The results of a Conservative Party disciplinary inquiry into an MP who attended a Nazi-themed stag party will not be published until French prosecutors have completed their own criminal investigation into the incident, the party said.
However the probe by senior officials is not believed to have concluded that Aidan Burley, who represents Cannock Chase, should have the Tory whip withdrawn.
A party spokesman said the in-house inquiry into Mr Burley's role, ordered by Prime Minister David Cameron, had been completed but that its report, originally scheduled for publication this month, had been postponed.
"It would be inappropriate to release the report's findings while French police are continuing their own investigations," he said.

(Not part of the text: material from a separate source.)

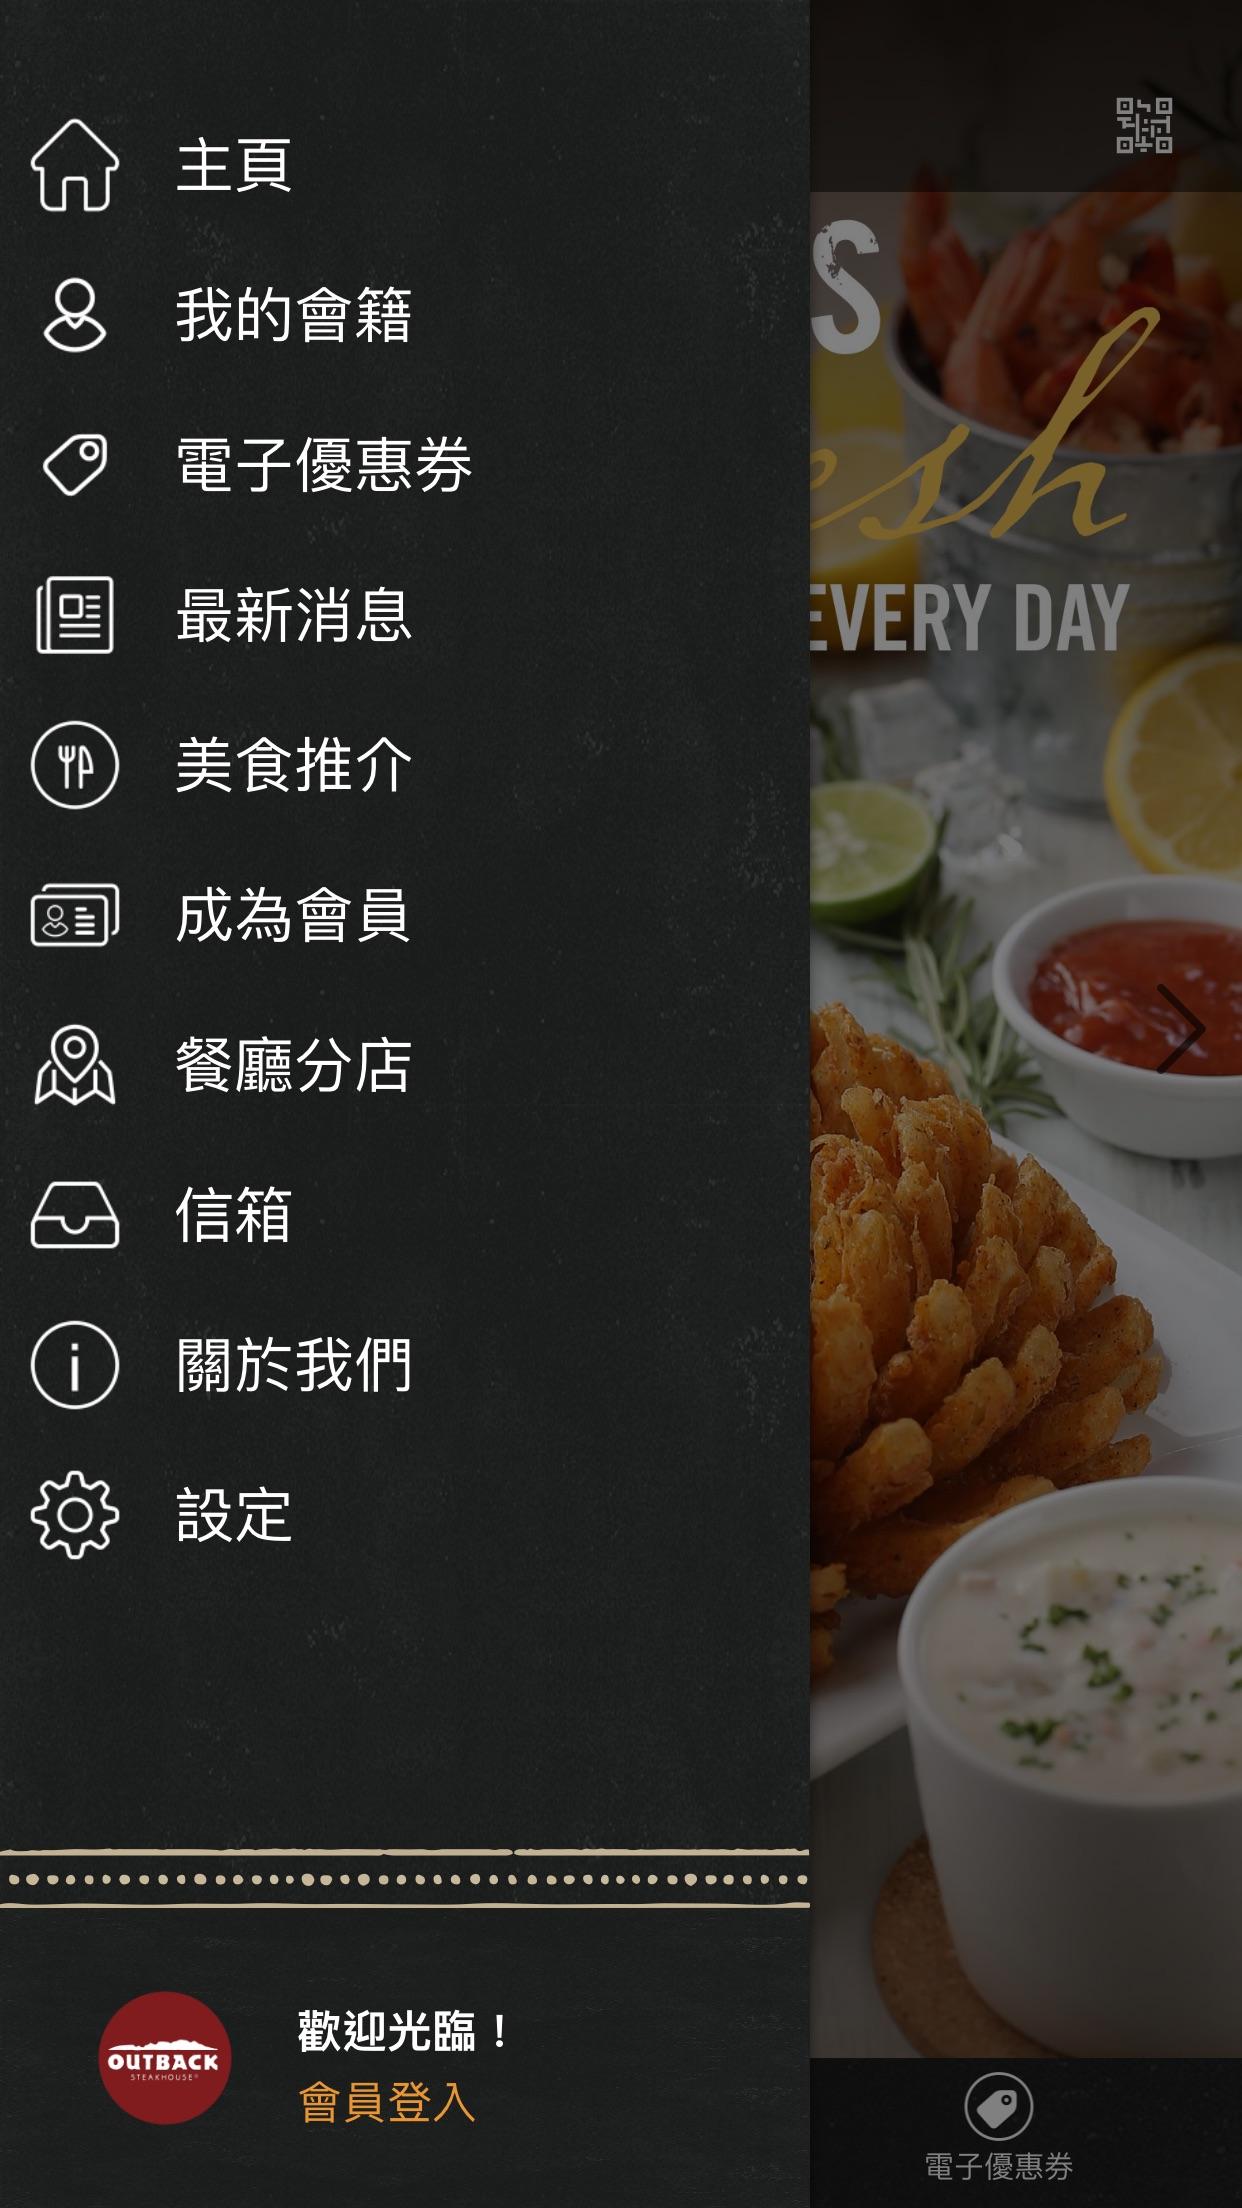 Outback Steakhouse Hong Kong Screenshot

Mr Burley lost his job as a parliamentary private secretary after media reports of the December 3 party in a restaurant in the French Alpine resort of Val Thorens, at which one guest is alleged to have dressed in an SS uniform and others are said to have chanted Nazi slogans.

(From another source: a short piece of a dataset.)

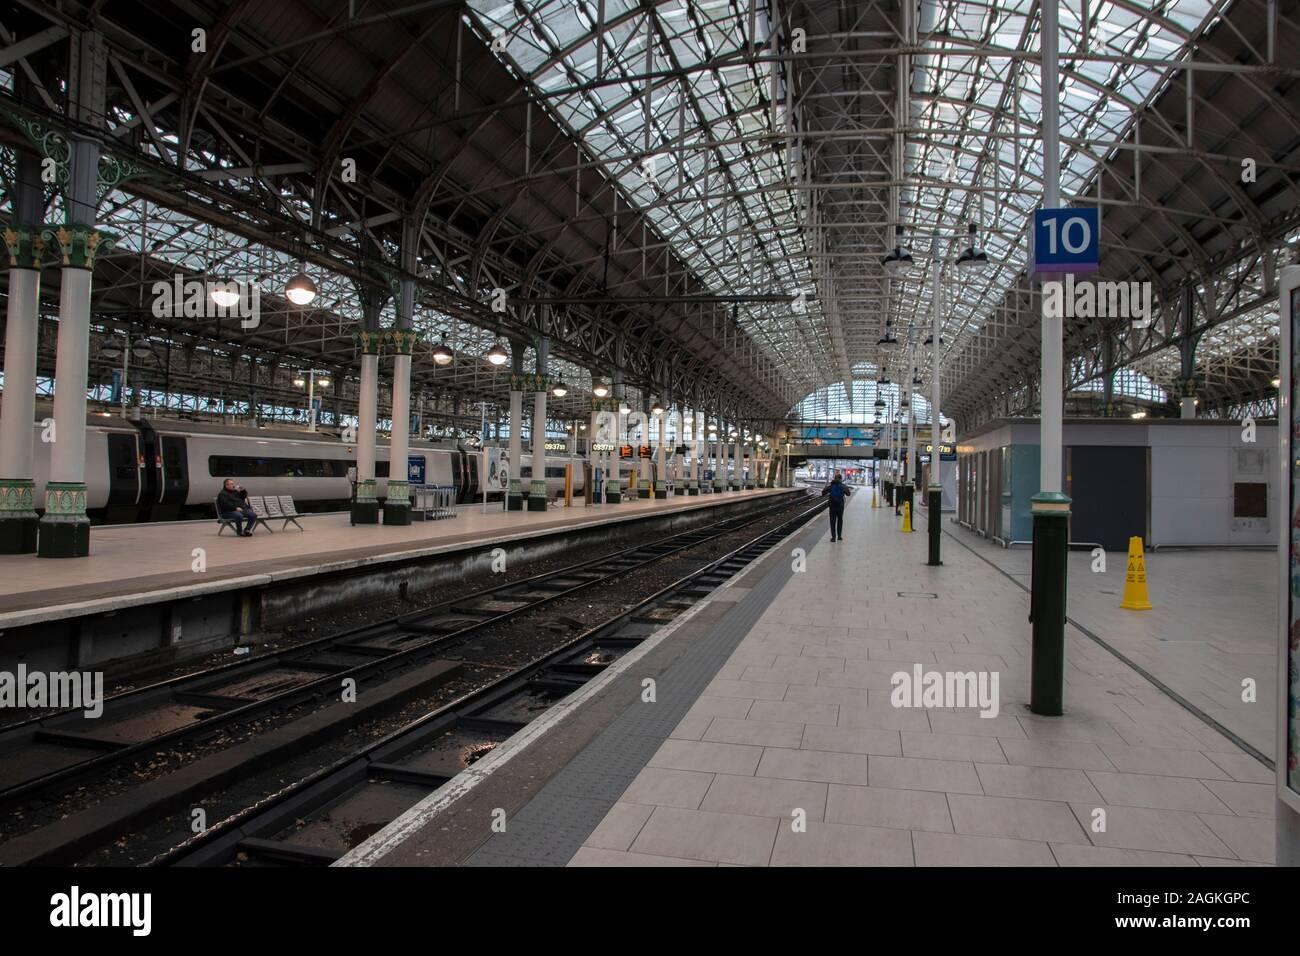 Piattaforma alla stazione di Piccadilly Manchester Inghilterra 2019 Foto Stock

The French probe is looking at allegations of defending war crimes or crimes against humanity; promoting racial hatred; wearing the uniform of an organisation that carried out crimes against humanity and making racist insults.
The Cannock Chase MP has repeatedly apologised for being present at the event, but said in December: "I do not believe I have broken any French law and have distanced myself from the behaviour of other people on the stag."